Adding a mutex to our HTTP server as in server-fixed.go implementation, fixes the race condition, leading to the expected result as shown in Figure 6.
Figure 6
Mutual exclusion locks role in computer programs is very simple. Before starting an operation on shared state, one worker should gain access to it acquiring mutex’s lock (Lock()). As soon as it happens, all other workers willing to manipulate the shared state will be blocked until the mutex’s lock is released (Unlock()). Once the mutex’s lock is released, the next worker will be able to manipulate the shared state.

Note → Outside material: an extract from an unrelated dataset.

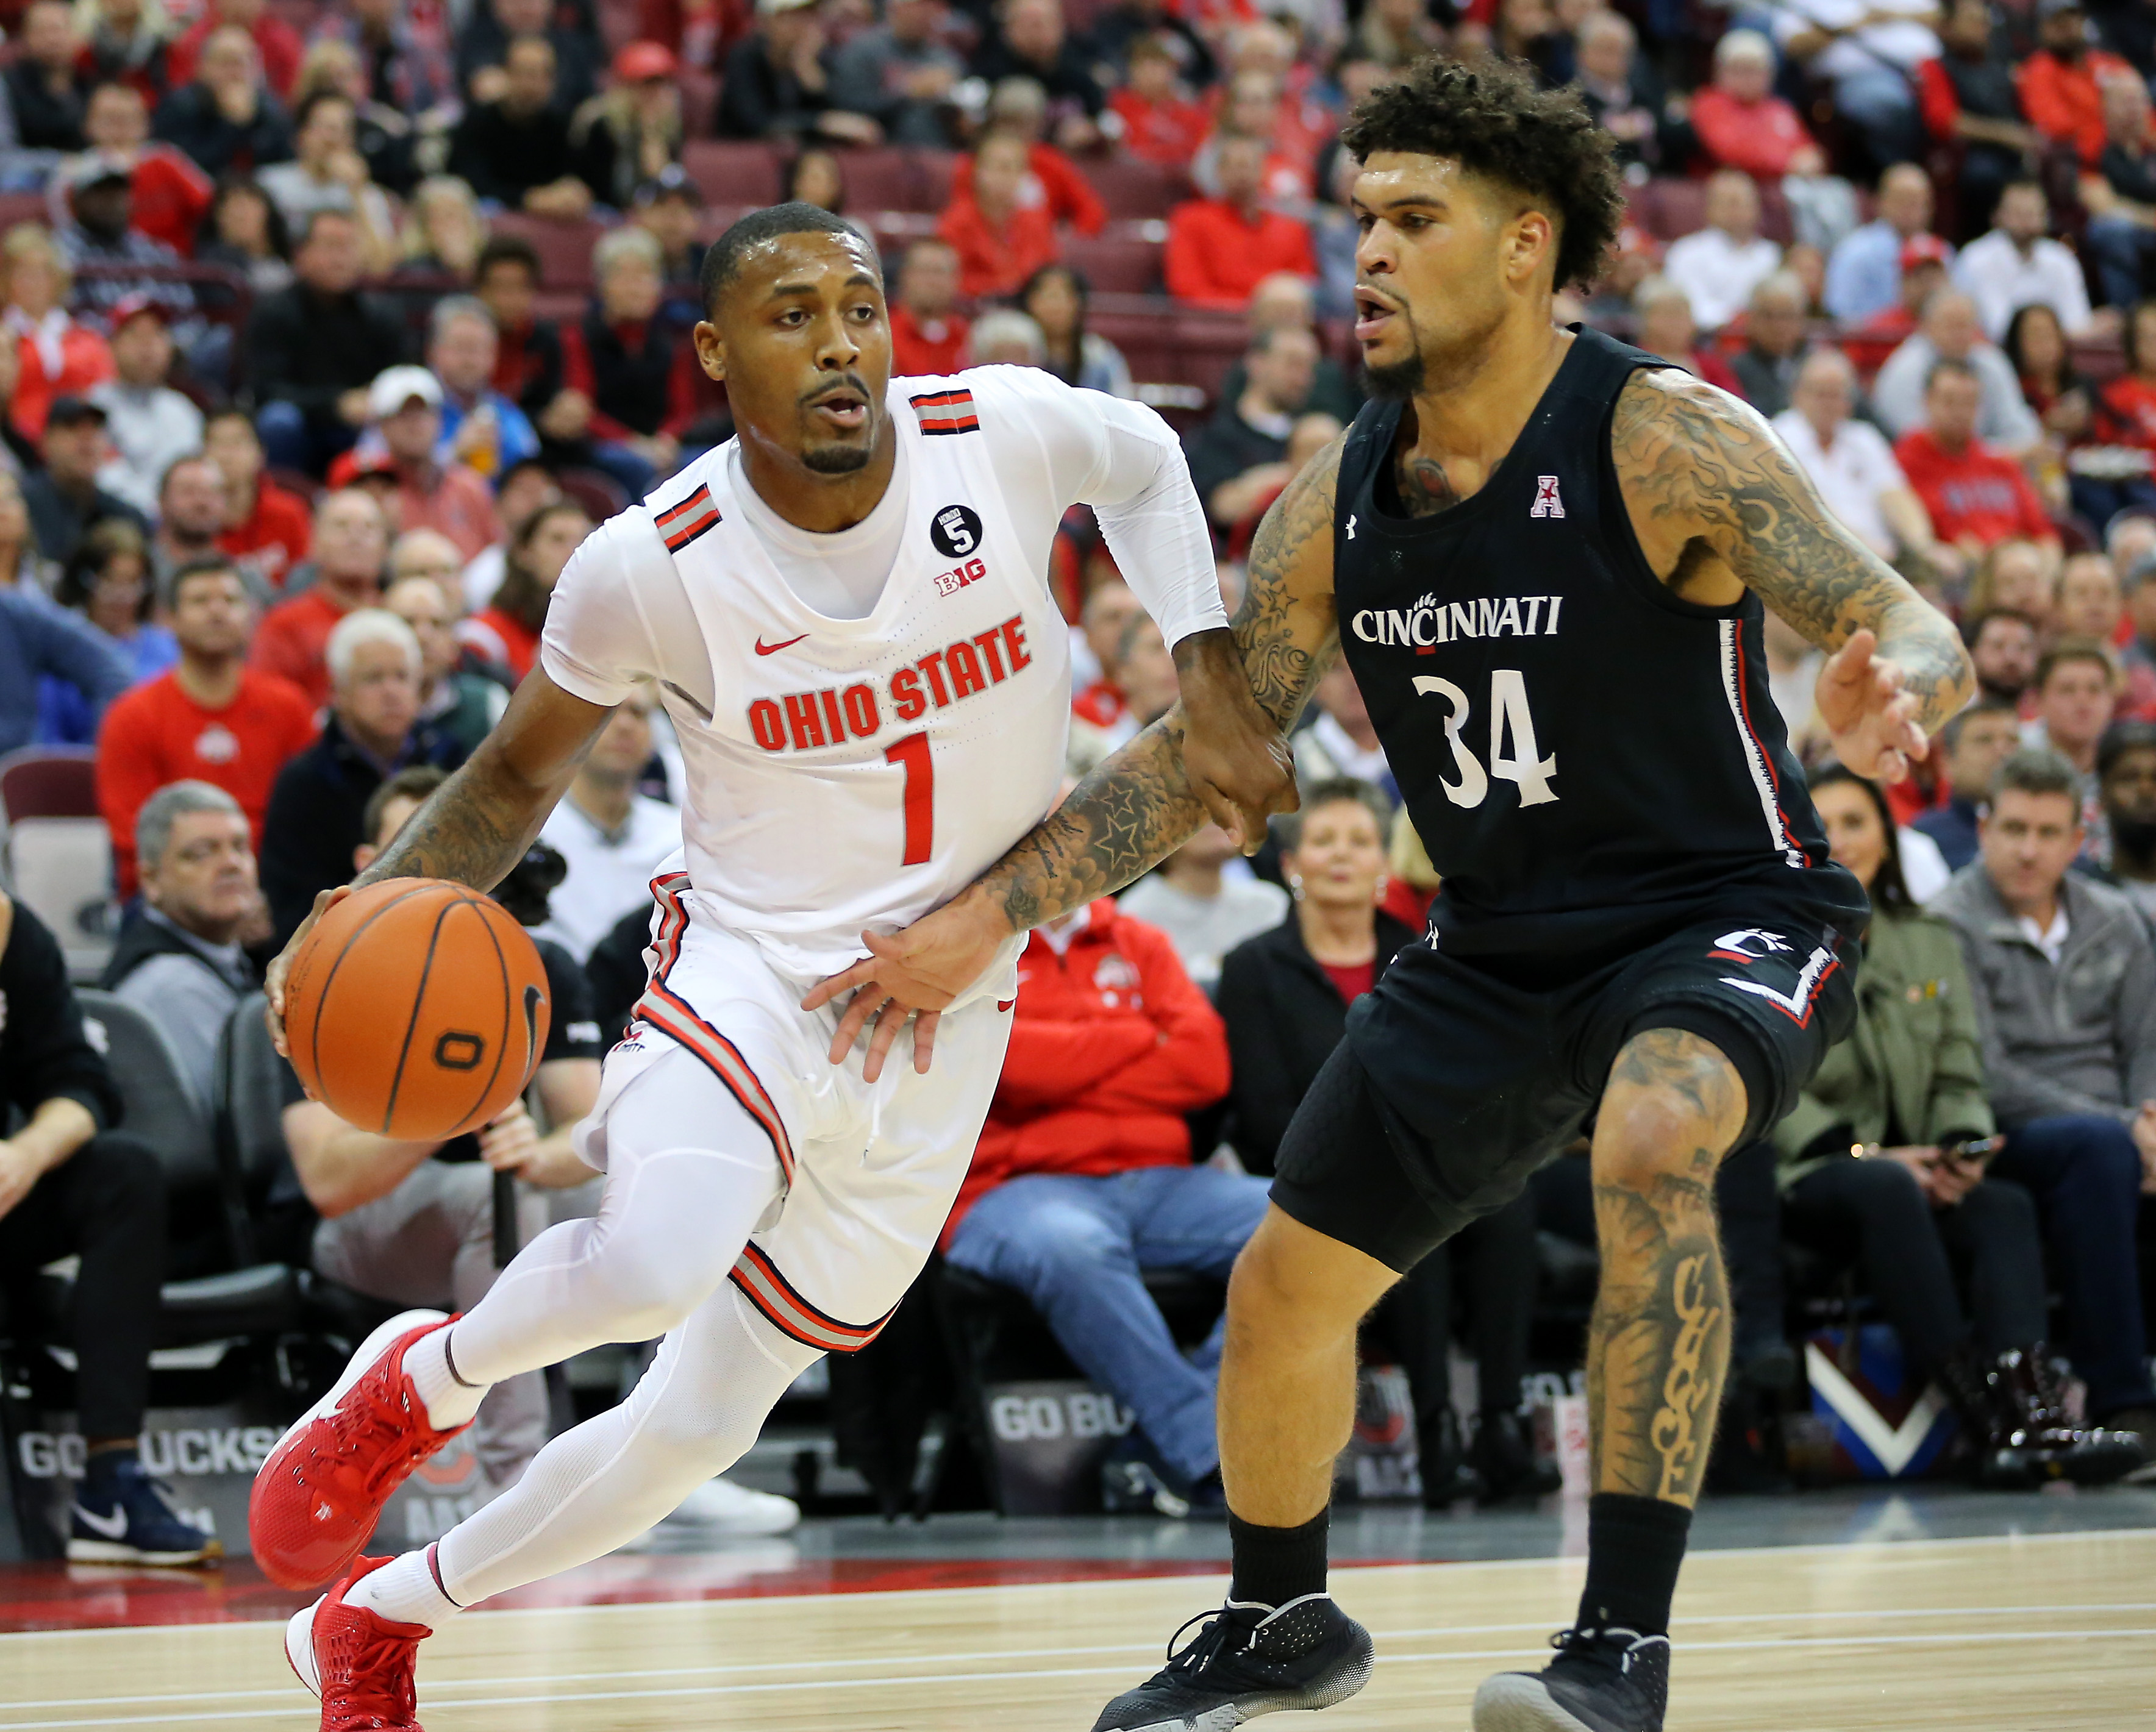 NCAA Basketball: Cincinnati at Ohio State

In our example, acquiring mutex’s lock will enable the worker to read and write from/to the VISITS_COUNTER_FILE in this exact order, without interference from other workers. After updating the VISITS_COUNTER_FILE, then other workers will be able to do the same.
Of course, access and execution control primitives bring other challenges. For example, what if mutex’s lock never gets released? Workers will be perpetually denied access to the shared resource, potentially leading to a Denial of Service. This is a well-known problem in concurrent programming called starvation, which is out of the scope of this blog post.
Conclusion
Golang concurrency is awesome but there’s not much the compiler can do to prevent you from making mistakes leading to a Race Condition. Race conditions are something you’ll really want to avoid, and detection and debugging are both tough tasks.
While writing concurrent programs double check whether state (e.g., a file or variable) is accessed by more than one worker/thread/process at the same time. If so, you’ll need some access control mechanism such as mutexes or semaphores.